What this task involves: With pictures left out, output word for word the lines from the one containing "In den weiteren" through the end of the material below.
::: Dataset extract :::
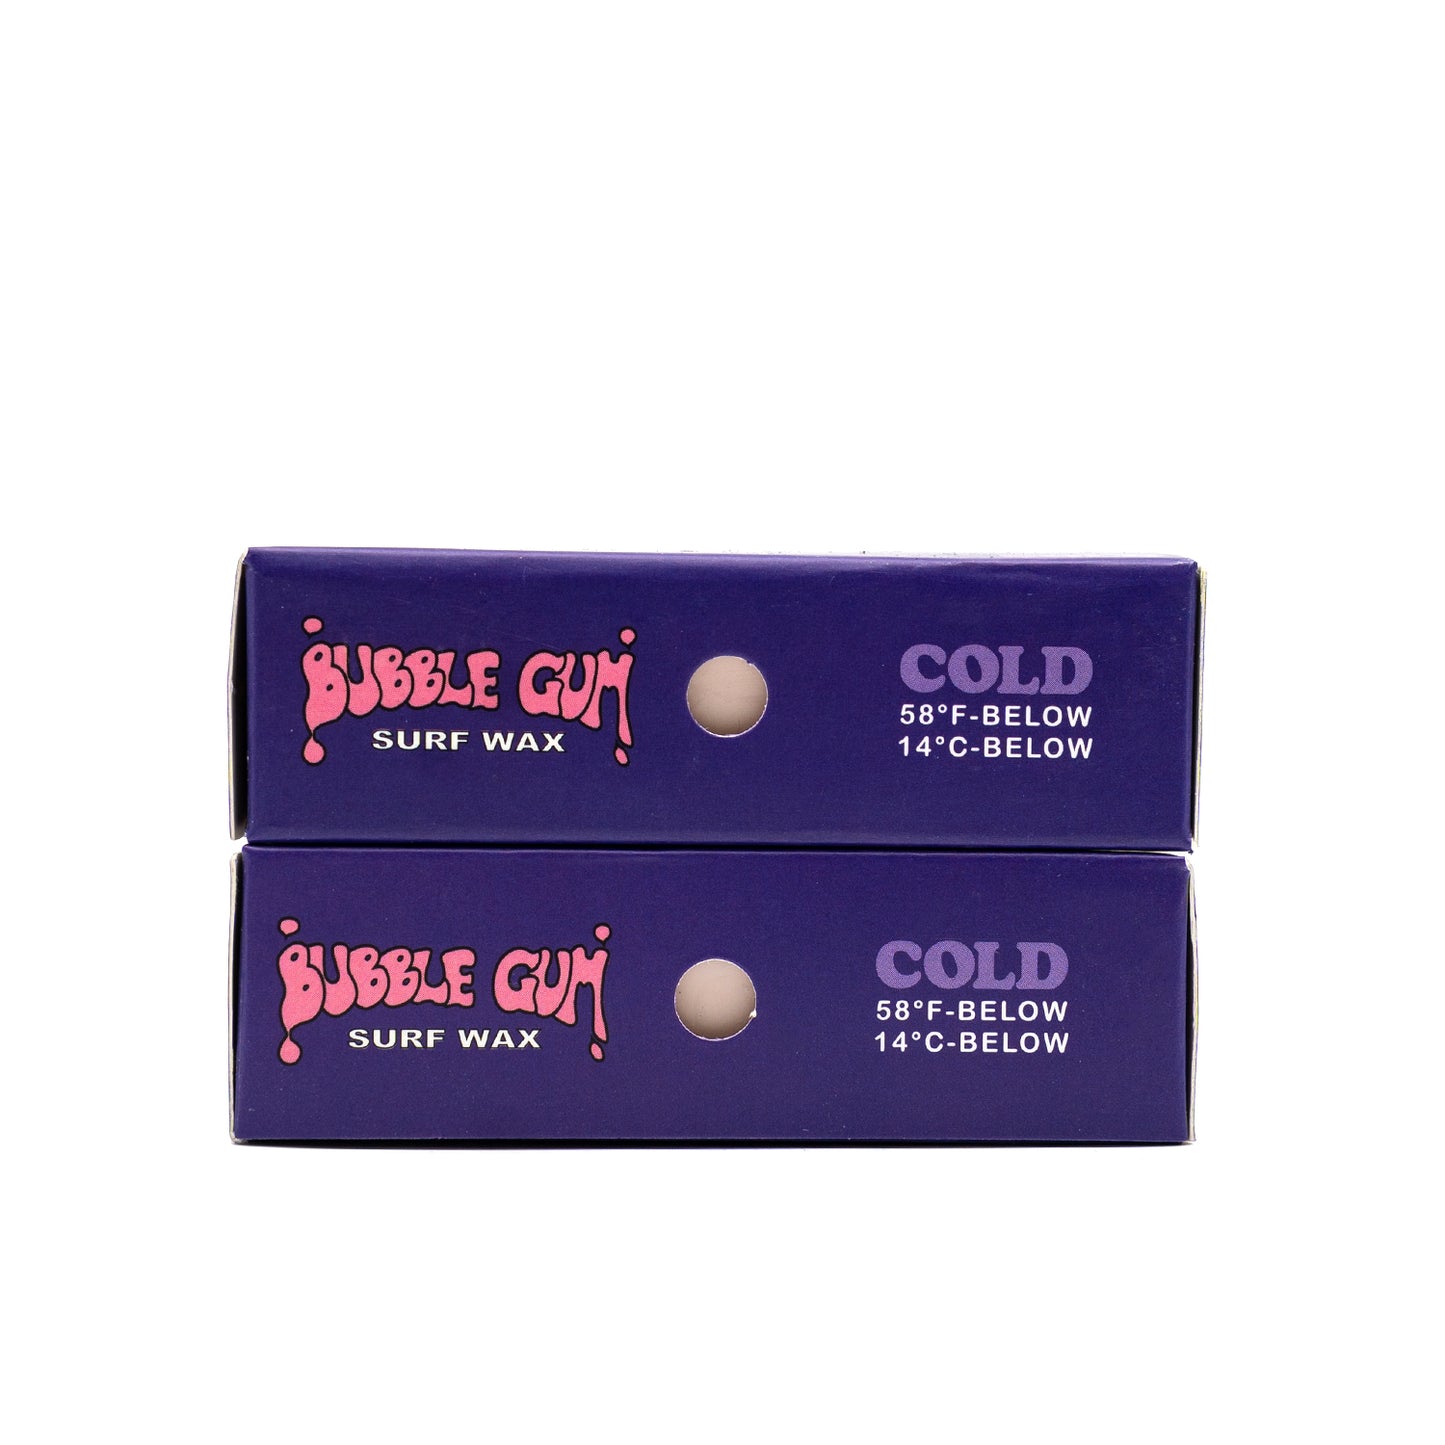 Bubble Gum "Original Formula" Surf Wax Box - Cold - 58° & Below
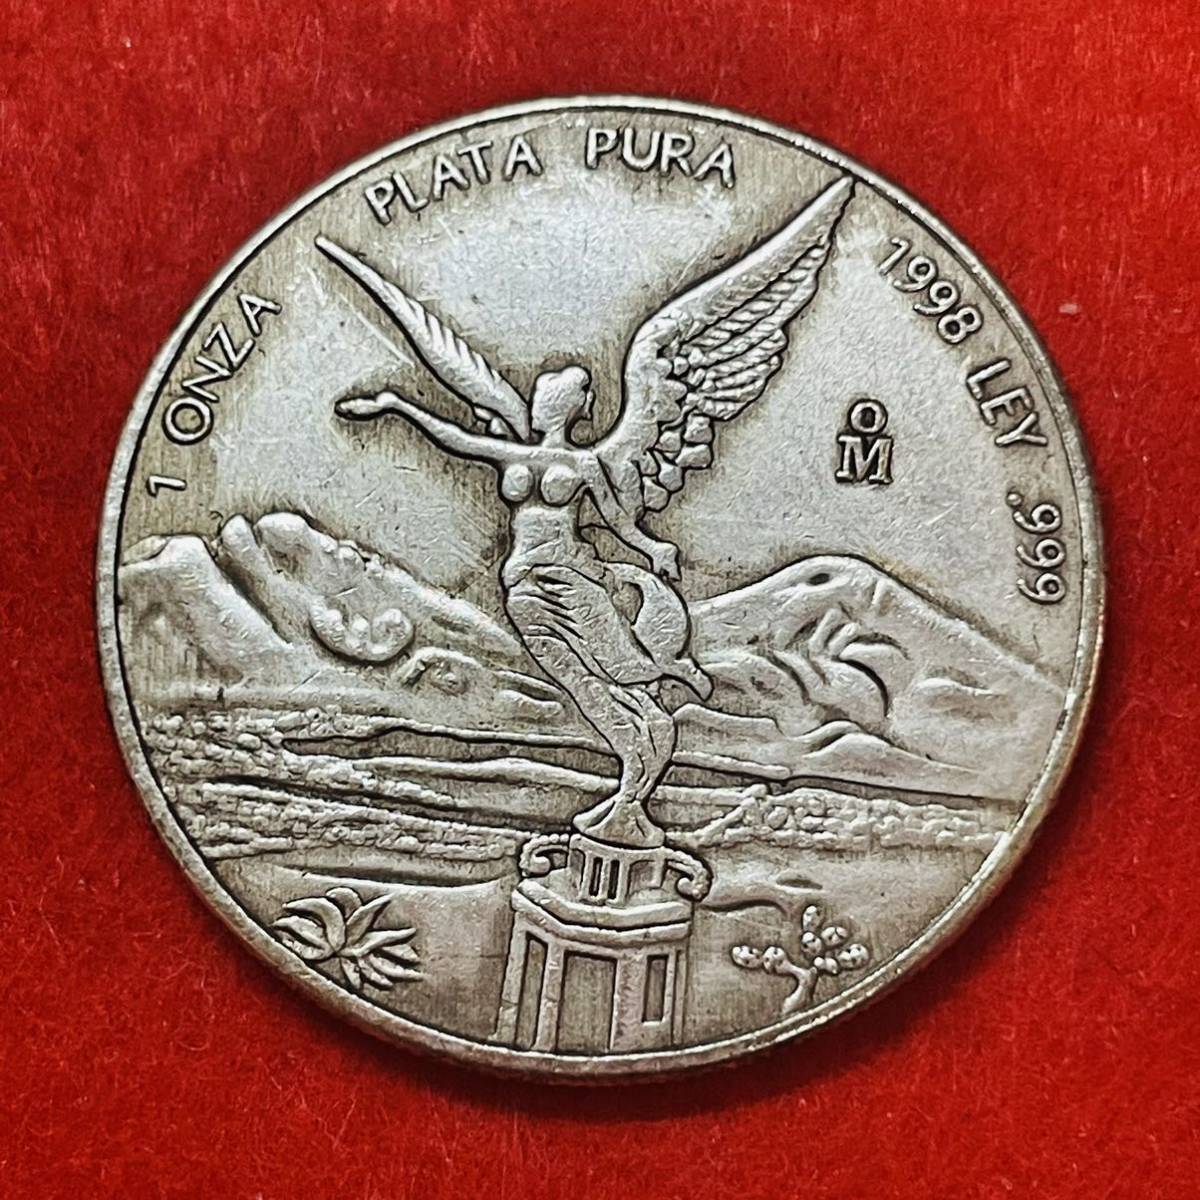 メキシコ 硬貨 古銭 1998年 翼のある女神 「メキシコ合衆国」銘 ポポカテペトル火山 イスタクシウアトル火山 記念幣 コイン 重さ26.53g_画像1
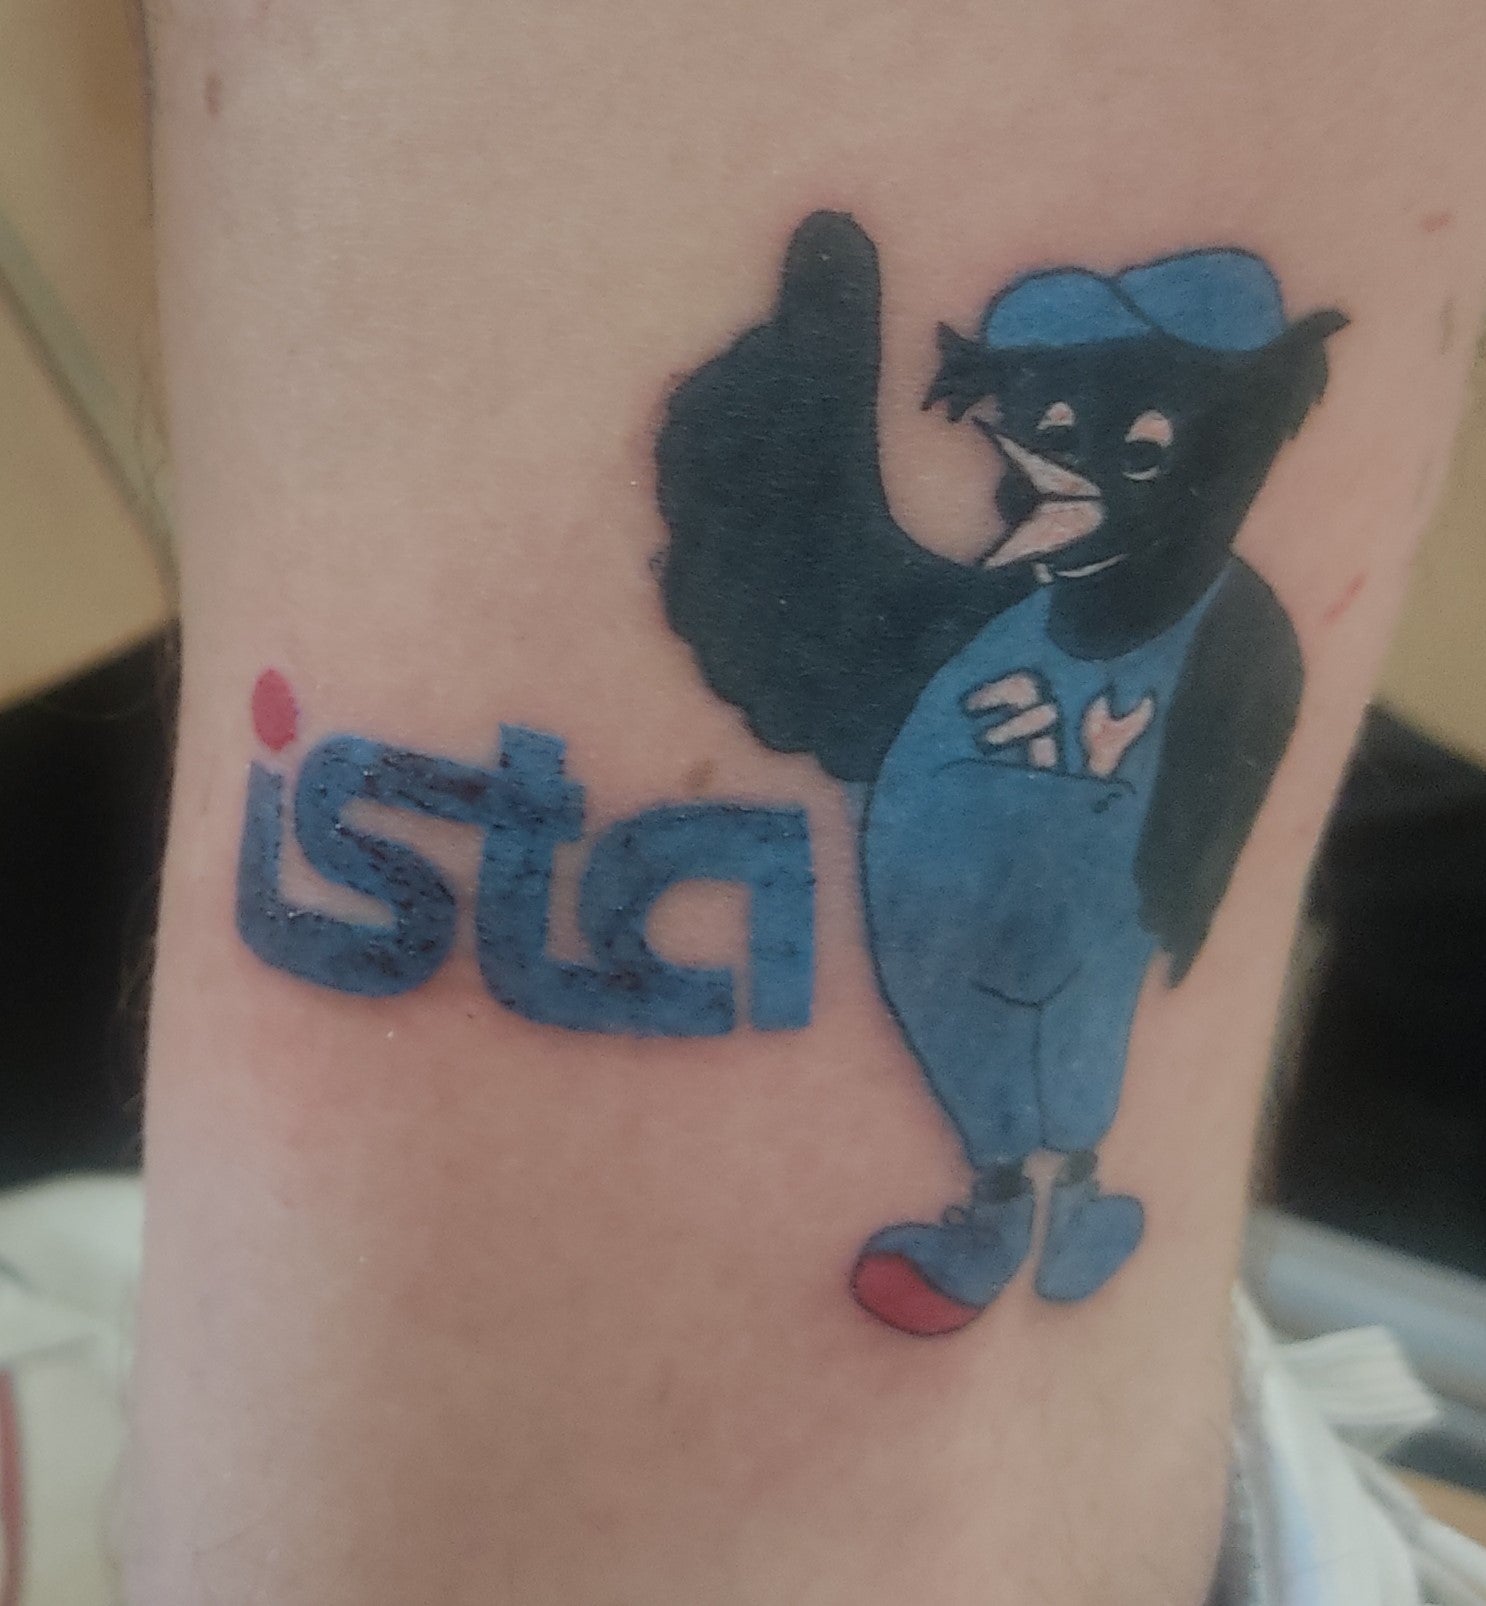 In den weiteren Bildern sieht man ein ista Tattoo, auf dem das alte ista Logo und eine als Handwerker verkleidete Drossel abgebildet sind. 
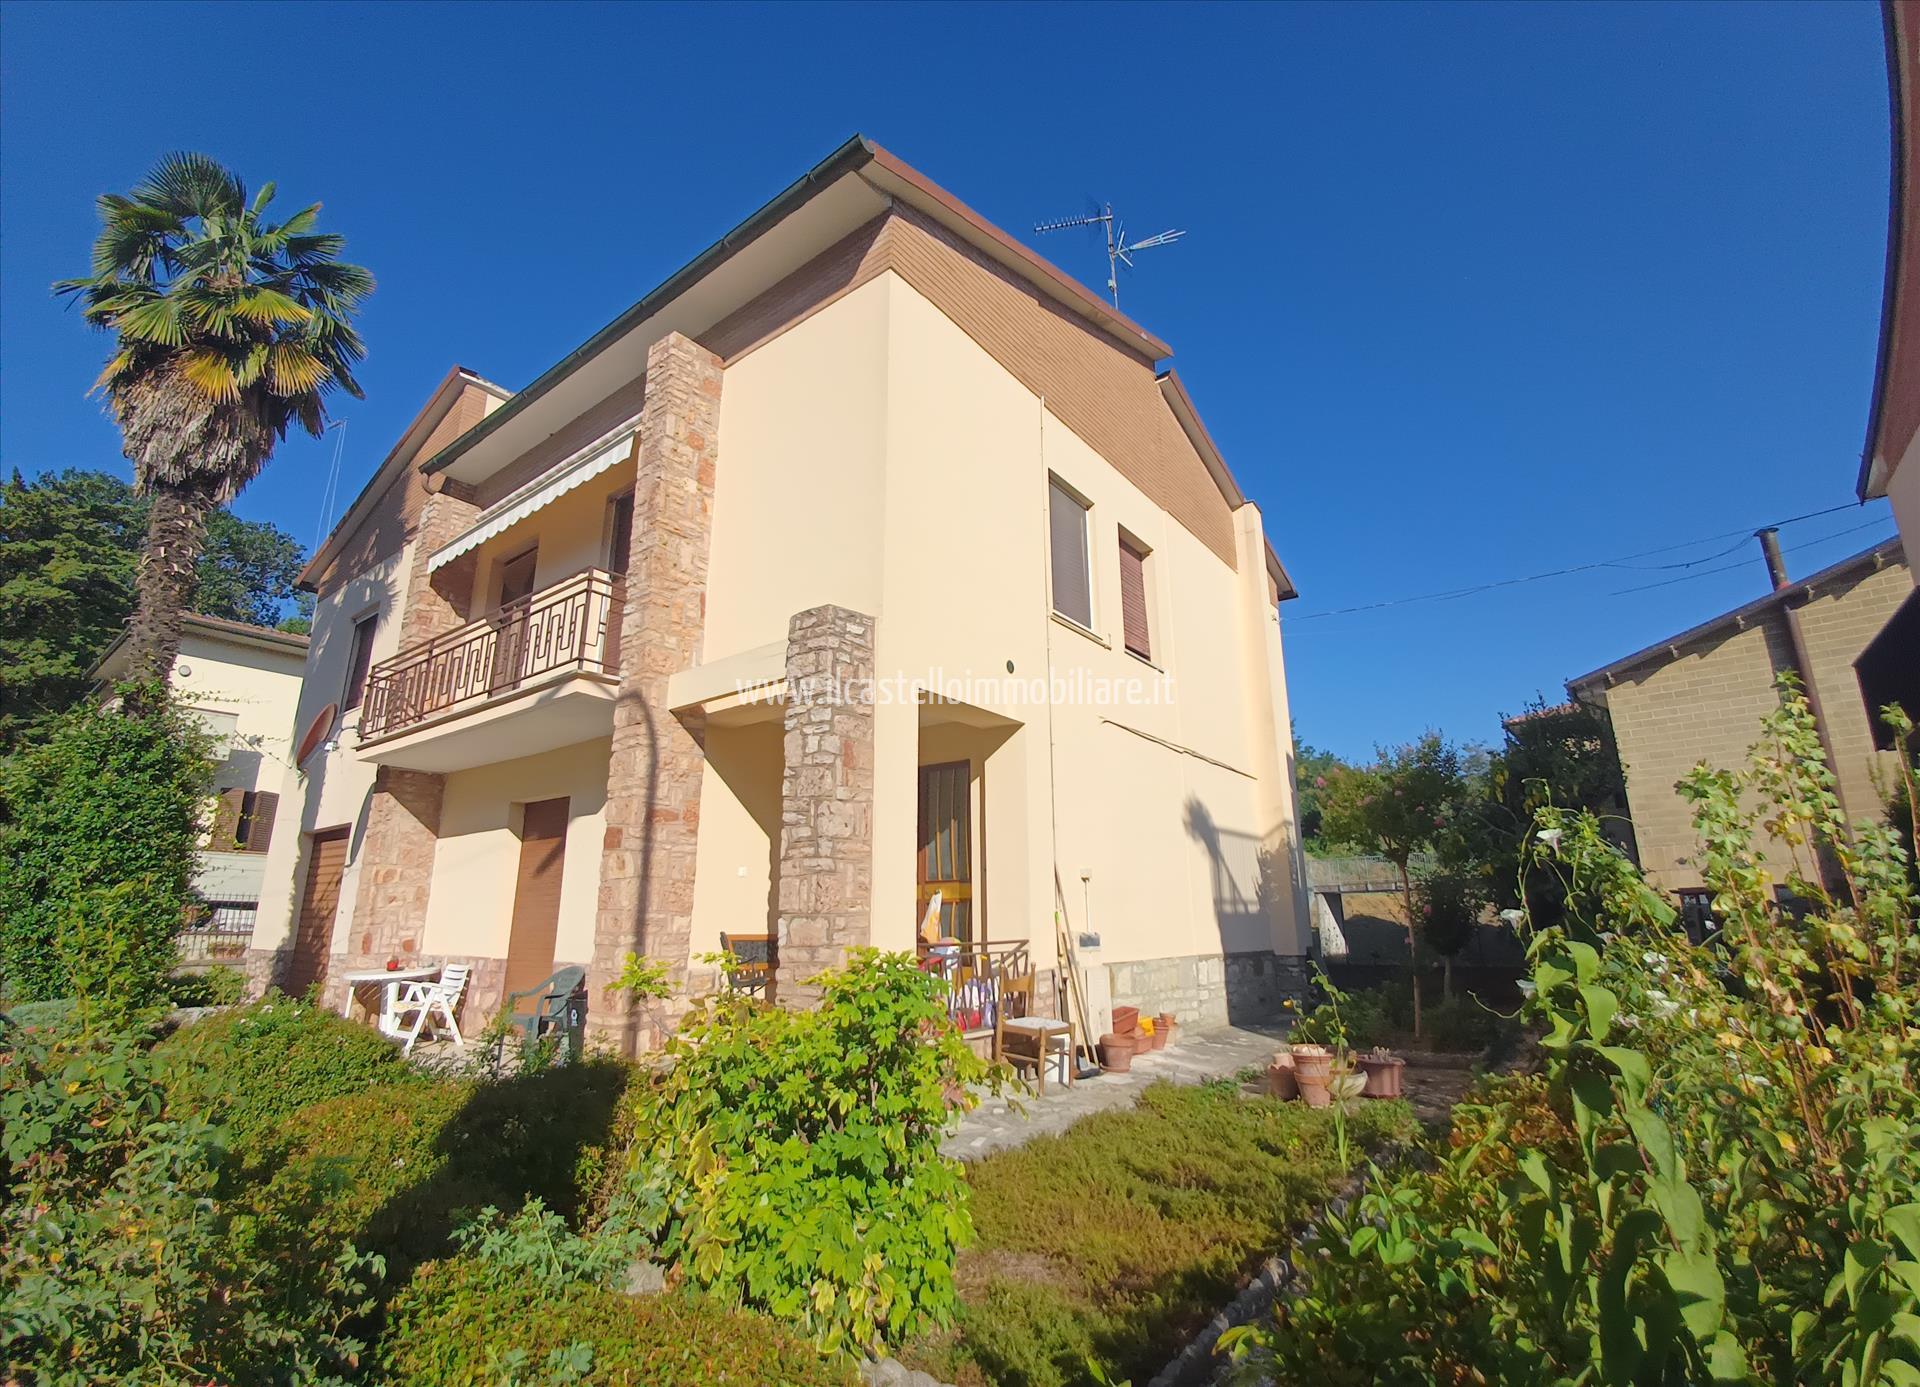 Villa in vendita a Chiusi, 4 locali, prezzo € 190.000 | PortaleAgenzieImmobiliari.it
:::
Response:
 In den weiteren Bildern sieht man ein ista Tattoo, auf dem das alte ista Logo und eine als Handwerker verkleidete Drossel abgebildet sind. 
 Villa in vendita a Chiusi, 4 locali, prezzo € 190.000 | PortaleAgenzieImmobiliari.it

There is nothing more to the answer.